Automatic (Intelligent) Driving Series | (1) Introduction and Sensors

Description: This series is the technology stack and ideas of automatic (smart driving) perception fusion (some pictures and information come from the Internet)

This topic is to organize and review what I have learned, and share it with those who want to learn this aspect. This is the first article in this series. It is mainly an introduction, and it will be more algorithmic understanding and implementation later.

This article is divided into 2 parts: introduction to automatic driving and sensors, sensor calibration

Table of contents

1. Introduction to autonomous driving and sensors

1..1 Autonomous Driving Classification and Industry Chain

1.2 Common sensors of perception module

2. Calibration of the sensor

2.1 camera

2.2 Lidar calibration (camera2Lidar)

 2.3 Radar Calibration

1. Introduction to autonomous driving and sensors

1..1 Autonomous Driving Classification and Industry Chain

Autonomous driving is classified into 5 levels according to SAE:

SAE ( Society of Automotive Engineers )

At present, most companies have completed L2-level assisted driving. When the function is turned on, the driver is in the driving state. At present, the highest level is L4-level automatic driving.

The current industrial chain is shown in the figure above. Broadly speaking, the autonomous driving module is divided into perception, decision-making and execution modules.

Here we mainly expand the perception module.

1.2 Common sensors of perception module

The perception module can be seen as the basis for subsequent decision-making and execution, and includes sensors such as cameras, lidar, millimeter-wave radar, GPS, IMU, and so on.

The main task of perception is through hardware sensors. Objects include: road surfaces, static objects and dynamic objects, involving road boundary detection, obstacle detection, vehicle detection, pedestrian detection, traffic signal detection , etc. In fact, it is not enough to complete the detection task. It is also necessary to track and predict the estimation of the moving object and predict its next position . Multi-sensor fusion technology is required. Data can be obtained in the form of images, videos, point clouds, etc.

In fact, sensor fusion is not a new thing. It has appeared as early as the last century. Traditionally, it is based on statistical methods such as Kalman filtering. Now, with the development of neural networks, the development of autonomous driving has been promoted. With massive Data and rich network structure innovation, the data-driven end2end model is developing rapidly.
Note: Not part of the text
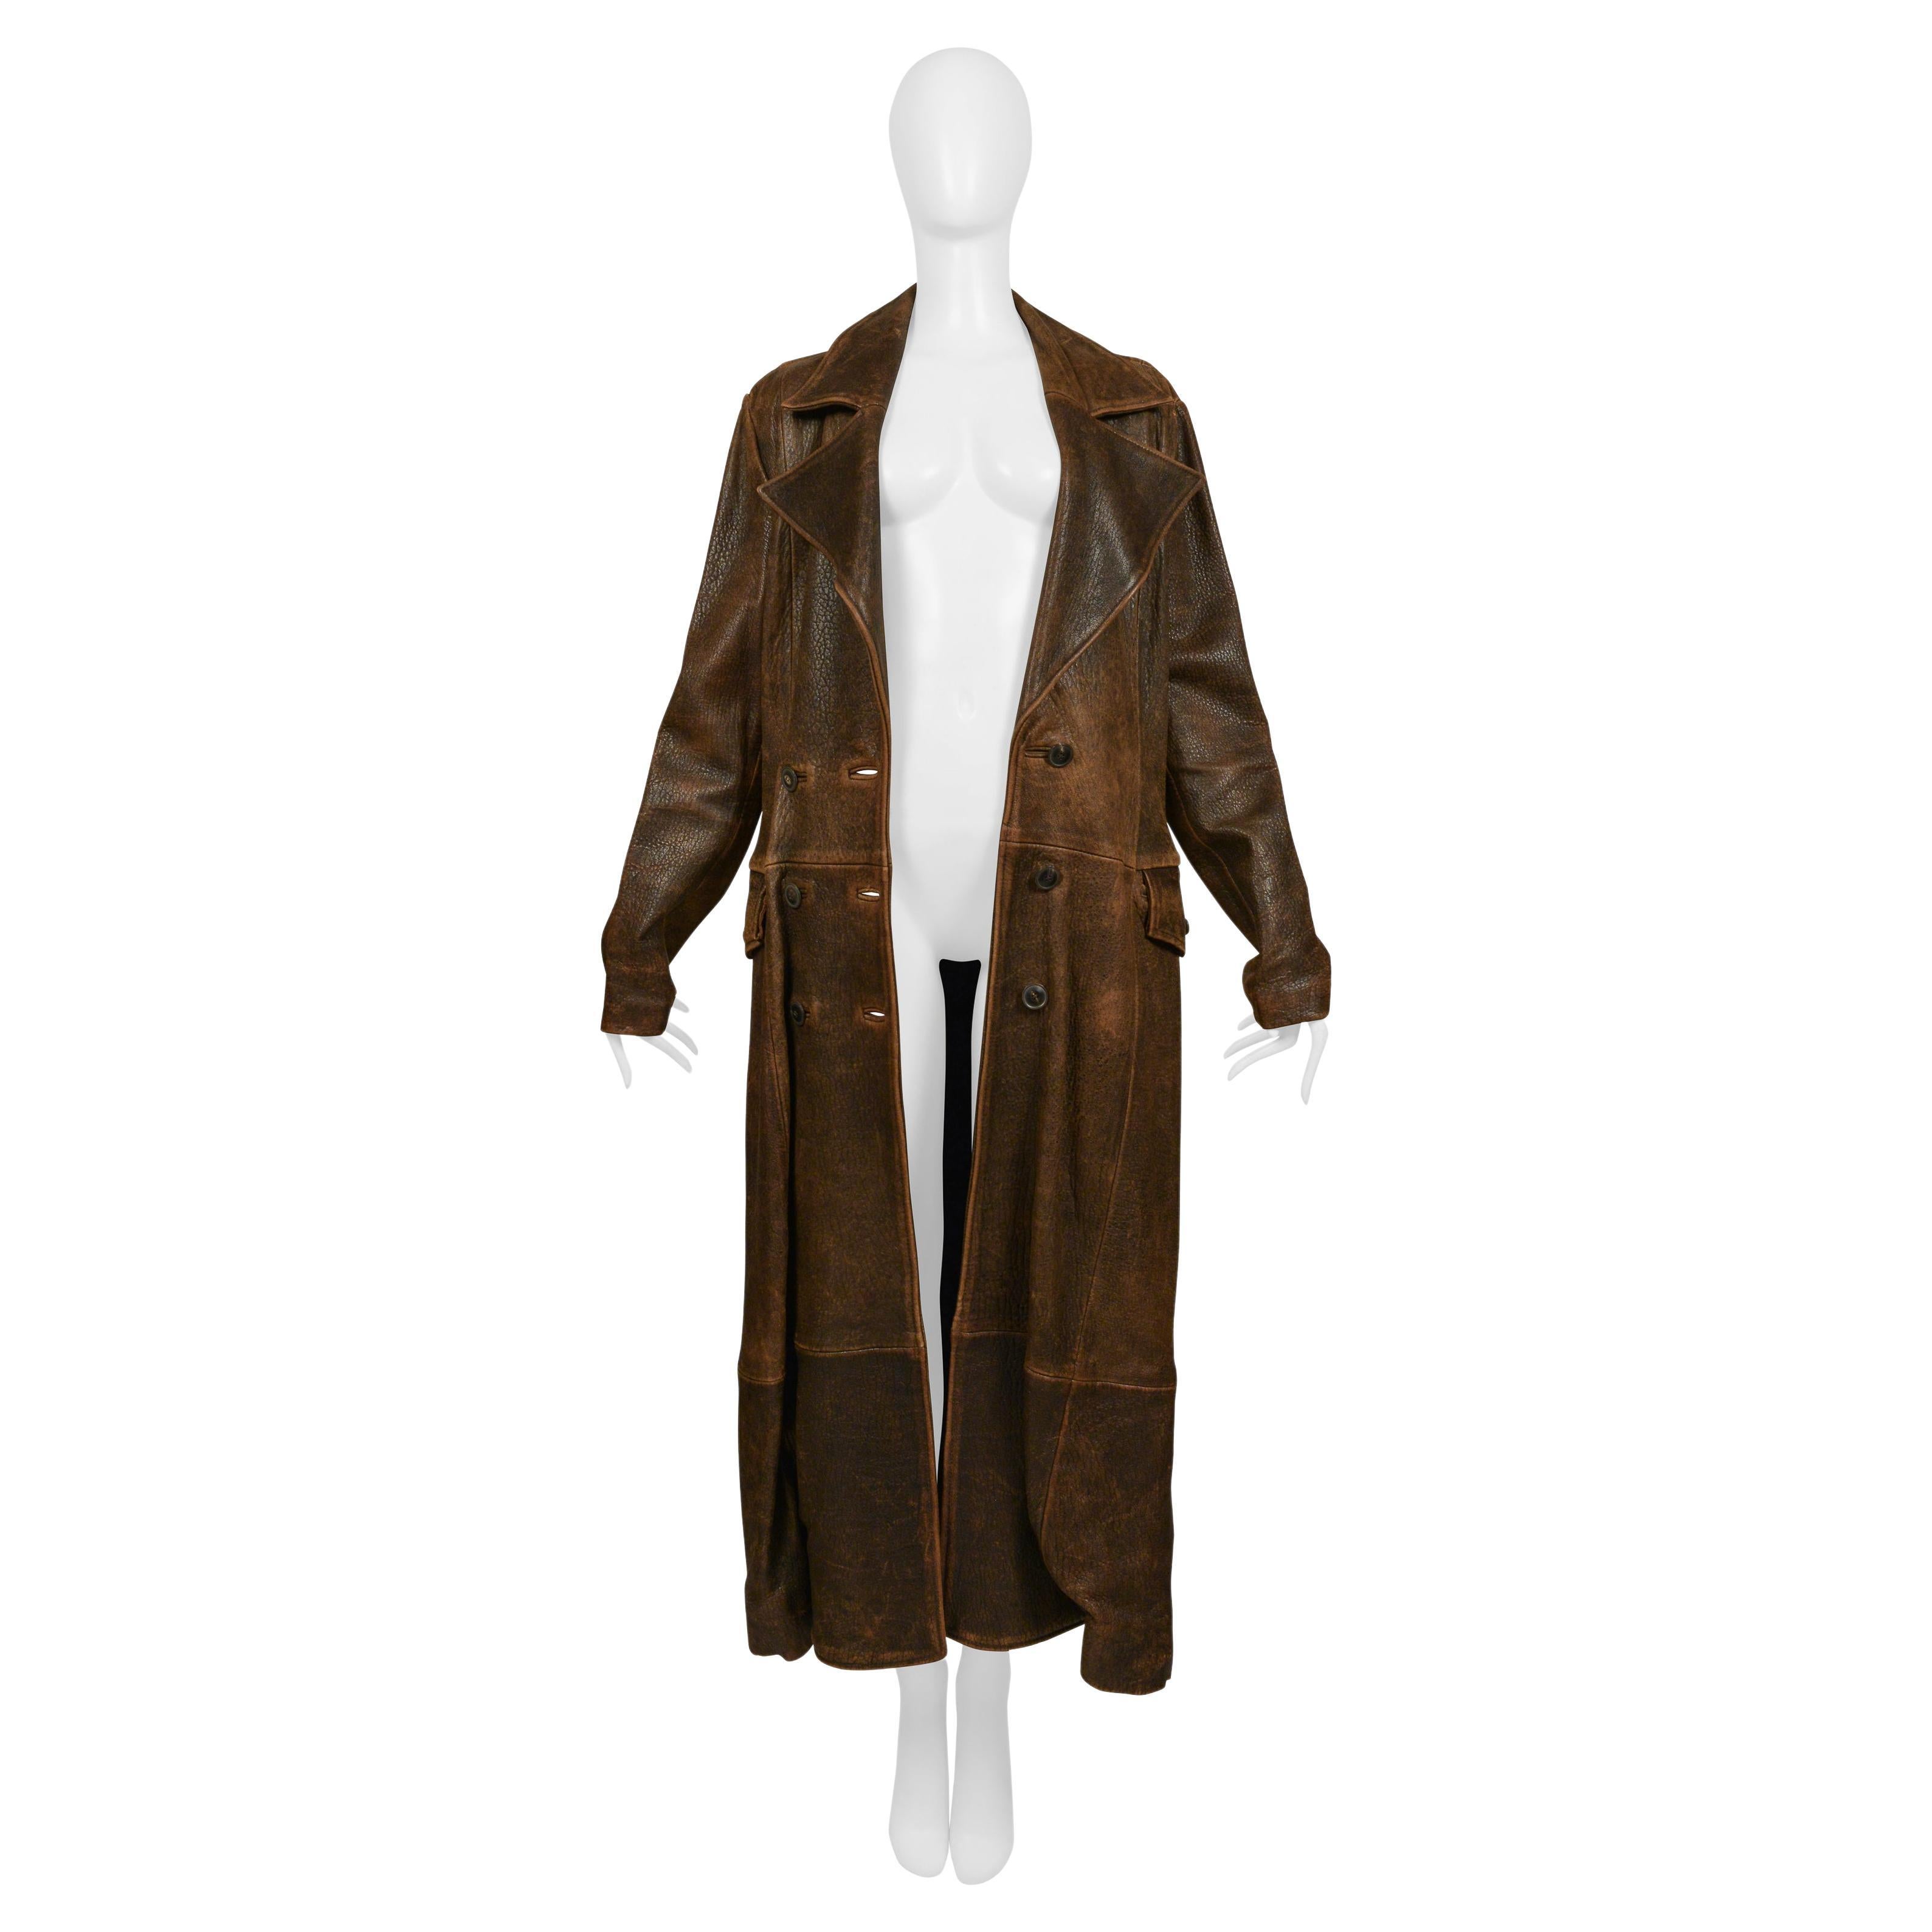 Resurrection is offering a vintage brown North Beach Leather aviator-style coat. The coat features a double-breasted front, an oversized collar, side flap pockets, a flattering low hip drop seam, full lining, and a floor-length design.
* North Beach

Compared with traditional vision technology, neural network: 1. It is easier to migrate to new targets, as long as a sufficient number of samples are obtained, the corresponding network can be trained (transfer); 2. The robustness to occluded objects is excellent. Feature extraction ability; 3. Robustness to lighting and other conditions ;

With the development of deep learning, in addition to NLP and vision, network models for irregular and non-European data have emerged, such as Pointcloud. These new technologies make it possible to substitute lidar and millimeter-wave radar into the field of perception to enhance performance.
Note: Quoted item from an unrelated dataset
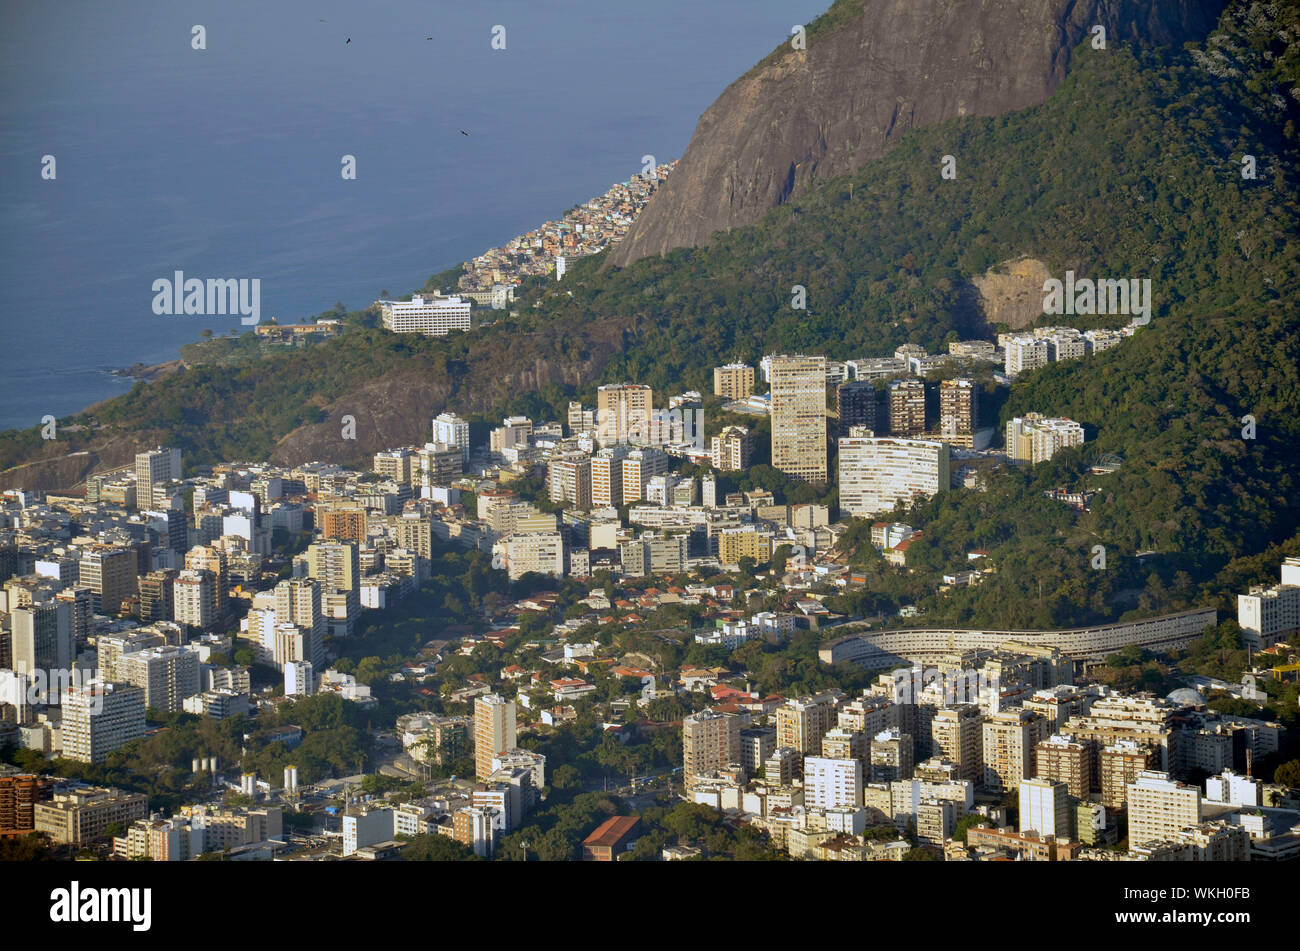 Scenic View Of Houses By Mountain At Morro Dois Irmaos Against Sea Stock Photo

But at present, the field of autonomous driving perception still faces great challenges. At this stage, many large-scale models can achieve good results but cannot process data in real time, and the road conditions in different countries and regions are different, even in different regions of the country. The road conditions are complex, and the ability to process video tasks is often not comparable to that of a single-frame image.
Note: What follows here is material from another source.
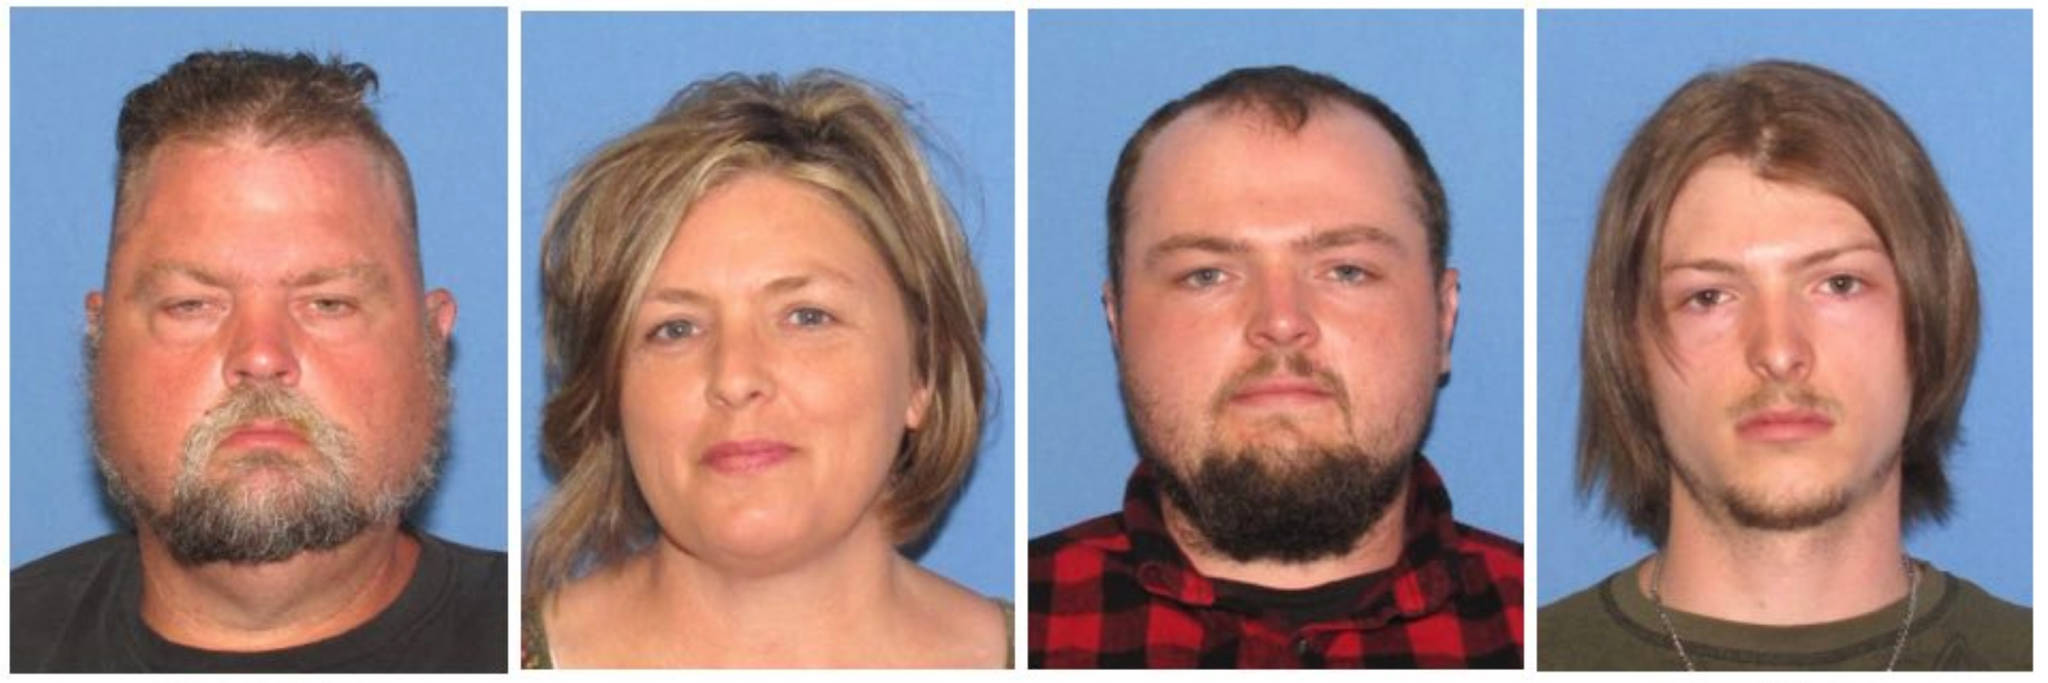 These undated images released by the Ohio Attorney General’s office, show from left, George “Billy” Wagner III, Angela Wagner, George Wagner IV and Edward “Jake” Wagner. Authorities announced Tuesday that the family of four has been arrested in the slayings of eight members of one family in rural Ohio two years ago. (Ohio Attorney General’s office via AP)

Intelligent driving car information acquisition is generally the fusion information of in-car sensors and V2X vehicle-road coordination through 5G

and other communication methods to realize information interaction and sharing, and based on this information, complete the overall control of the vehicle. Here we only discuss the perception of sensor fusion.

First of all, we need to be clear that sensor perception is a product of a combination of software and hardware, including not only the selection of hardware, but also the blessing of software algorithms. As mentioned earlier, hardware includes cameras, millimeter-wave radars, ultrasonic radars, infrared detectors, IMUs, GPS, lidar, and more. Multi-sensor fusion is to integrate information from different scales, complement each other, learn from each other, and improve the stability and fault tolerance of the system.

Let’s start with vision. Computer vision has achieved amazing development. Just like us, vision is also the main way of perception for unmanned vehicles. It plays an important role in traffic signal lights and traffic sign recognition. Musk once said at the development conference: Their purely visual solution may see the "stop" symbol on the T-shirt and respond. Perhaps this is why Tesla, with its "pure vision" program, has also begun to enter the radar world. By processing the collected images, tasks such as classification, segmentation, tracking, and classification of traffic participants are realized. It has a strong ability to extract semantic information, but its performance degrades in some cases where the light is too weak or too strong, and the line of sight is blocked. It is more serious, and the most important visible light camera cannot work around the clock, so some vehicles are now equipped with passive infrared sensors to classify traffic participants, which has also achieved certain results. The more famous one is the well-known infrared manufacturer FLIR, whose BOSON can even reach 60hz, and they also released the infrared data set (but it has been removed from the shelves now). For cameras, fisheye cameras and pinhole cameras are commonly used. Of course, for stereo vision, as Microsoft's Kinect enters the homes of ordinary people, binocular and even trinocular are also appearing in today's products.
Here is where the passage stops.